From /include/linux/nsproxy.h
/*
* A structure to contain pointers to all per-process
* namespaces - fs (mount), uts, network, sysvipc, etc.
* [...]
* The nsproxy is shared by tasks which share all namespaces.
* As soon as a single namespace is cloned or unshared, the
* nsproxy is copied.
*/
struct nsproxy {
atomic_t count;
struct uts_namespace *uts_ns;
struct ipc_namespace *ipc_ns;
struct mnt_namespace *mnt_ns;
struct pid_namespace *pid_ns_for_children;
struct net *net_ns;
struct cgroup_namespace *cgroup_ns;
};
For more information vist,
- wikipedia.org - Linux_namespaces
- LWN - 2001 - Per-process namespaces
- LWN - 2007 - PID namespaces in the 2.6.24 kernel
- LWN - 2012 - User namespaces progress
- LWN - 2013 - (7-part series) Namespaces in operation, part 1: namespaces overview
Combined preventive control model
Any security tool that enforces policy around the userspace/kernelspace (Ring3/Ring0) boundary will leverage one or more of these kernel functions.
Detective Control : Audit facility
Detective controls can be part of risk mitigation but are not discussed here in that context. Our use case here centers on verifying the policies put in place and testing for regressions.

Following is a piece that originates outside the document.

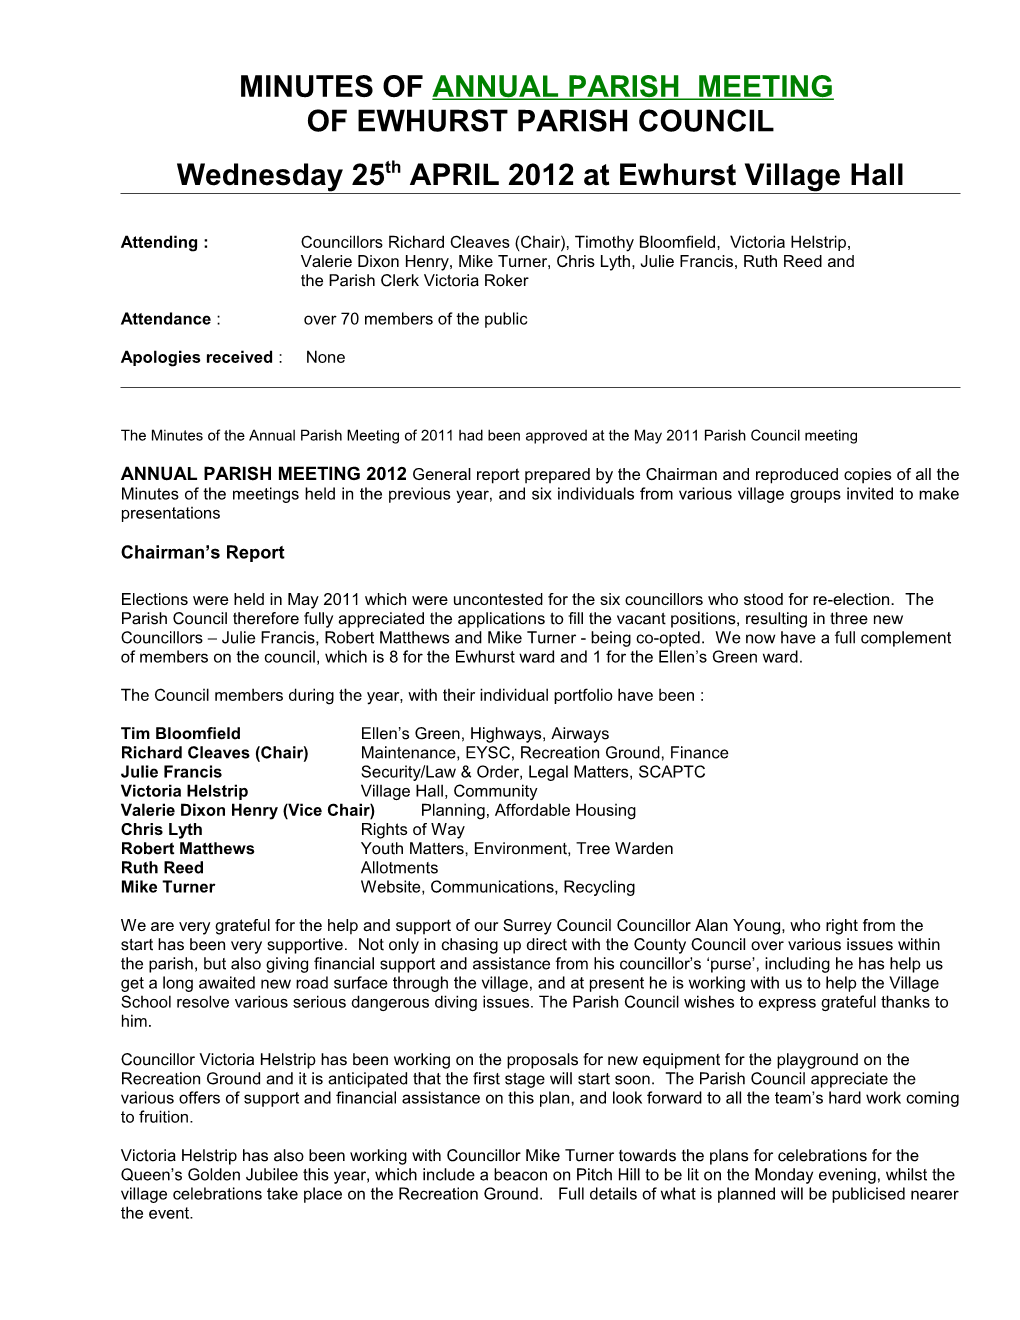 Minutes of Meeting of Ewhurst Parish Council s1

Audit logging of seccomp actions
Since Linux 4.14, the kernel provides the facility to log the actions returned by seccomp filters in the audit log. The kernel makes the decision to log an action based on the action type, whether or not the action is present in the actions_logged file, and whether kernel auditing is enabled (e.g., via the kernel boot option audit=1).
Source -
man 2 seccomp
- selectel.com - Auditing linux system events/
- archlinux.org - Audit framework
- redhat.com - Security / CHAP system auditing
- redhat.com - Security / Audit
From the full event tree we can see that it is possible to have visibility over all scenarios, except the kernel compromise through a vulnerable function. This is another reason that kernel compromise stands out as a high risk. In all other scenarios policy enforcement is either working, misconfigured or absent. None of these corrupt the integrity of the kernel, which means that the kernel audit facility will work as intended.